Alan Peter Griffin (born 23 February 1960) is a former Australian politician of the Australian Labor Party. He was a member of the Australian House of Representatives, representing the Division of Corinella between 1993 and March 1996, and the Division of Bruce, from March 1996 until May 2016.

Background and early career
Griffin was born in Melbourne, Victoria, and was educated at the Australian National University. He was a public servant, union organiser and electorate secretary before entering politics. Griffin was ministerial adviser to the Victorian Minister for Community Services, Kay Setches, 1990–91 and to Simon Crean, then a federal minister, 1991–93. He was also a member of the Springvale City Council, 1991–93.

Political career
Griffin was first elected to Parliament at the 1993 federal election, unseating the Liberal incumbent in Corinella, Russell Broadbent. He became a backbench supporter of Prime Minister Paul Keating's government. Corinella was abolished for the 1996 election, and Griffin followed most of his constituents into Bruce.

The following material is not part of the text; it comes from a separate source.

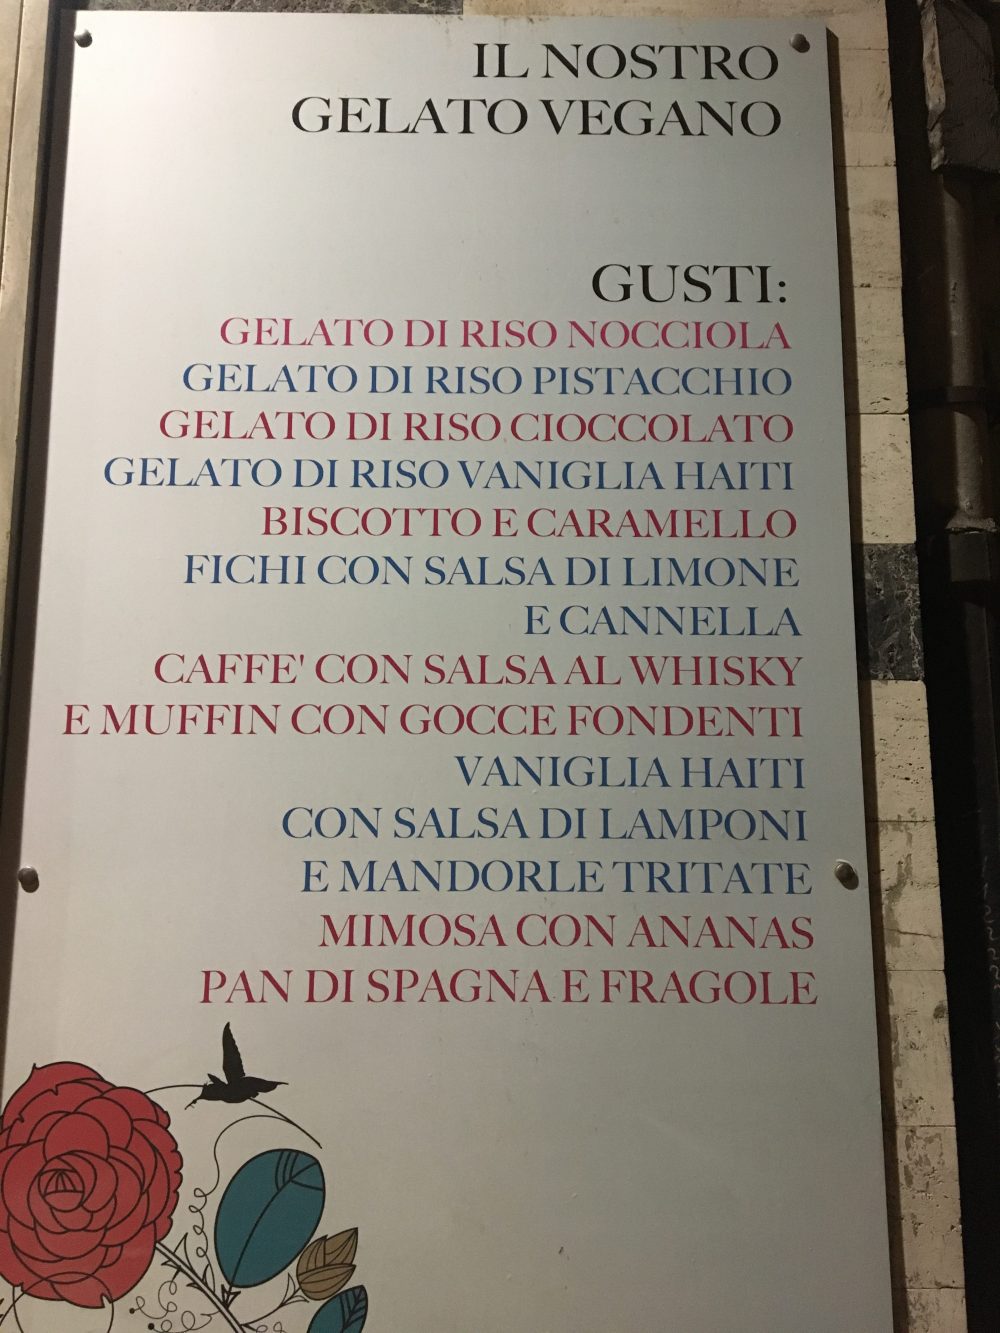 Cremeria Sottozero, elenco gusti

That seat had been in Liberal hands since its creation in 1955. However, it had been significantly altered by the latest redistribution, which gave Labor a slim majority. Griffin defeated Liberal incumbent Julian Beale by only 1195 votes, making him one of the few bright spots in Labor's severe defeat that year.

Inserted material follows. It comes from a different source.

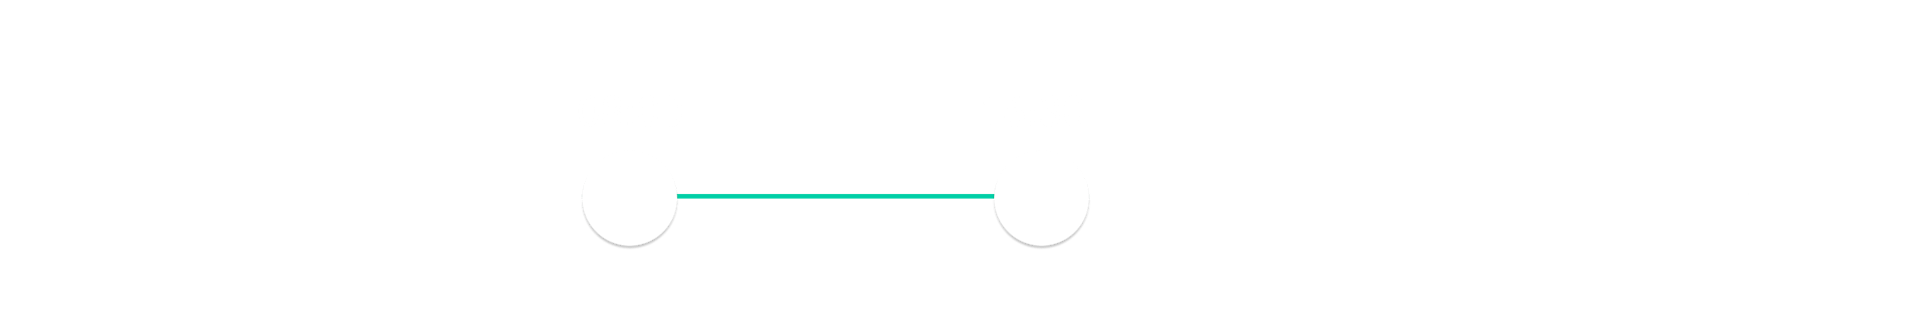 Sensibo - Scheduling - Timeframe image (white)

Griffin was elected to the Opposition Shadow Ministry in October 1998. He was Shadow Minister for Consumer Affairs and Shadow Minister Assisting the Shadow Minister for Health from 2003 to 2005. In June 2005, he was appointed Shadow Minister for Veterans' Affairs and Shadow Special Minister of State.

After Labor won government back in the 2007 federal election, new Prime Minister Kevin Rudd appointed Griffin Minister for Veterans' Affairs in the ministry. On 1 April 2010, he gained the portfolio of Minister for Defence Personnel. He retained these portfolios in Julia Gillard's first ministry but chose not to continue in the Second Gillard Ministry, which was sworn in on 14 September 2010 following the 2010 election.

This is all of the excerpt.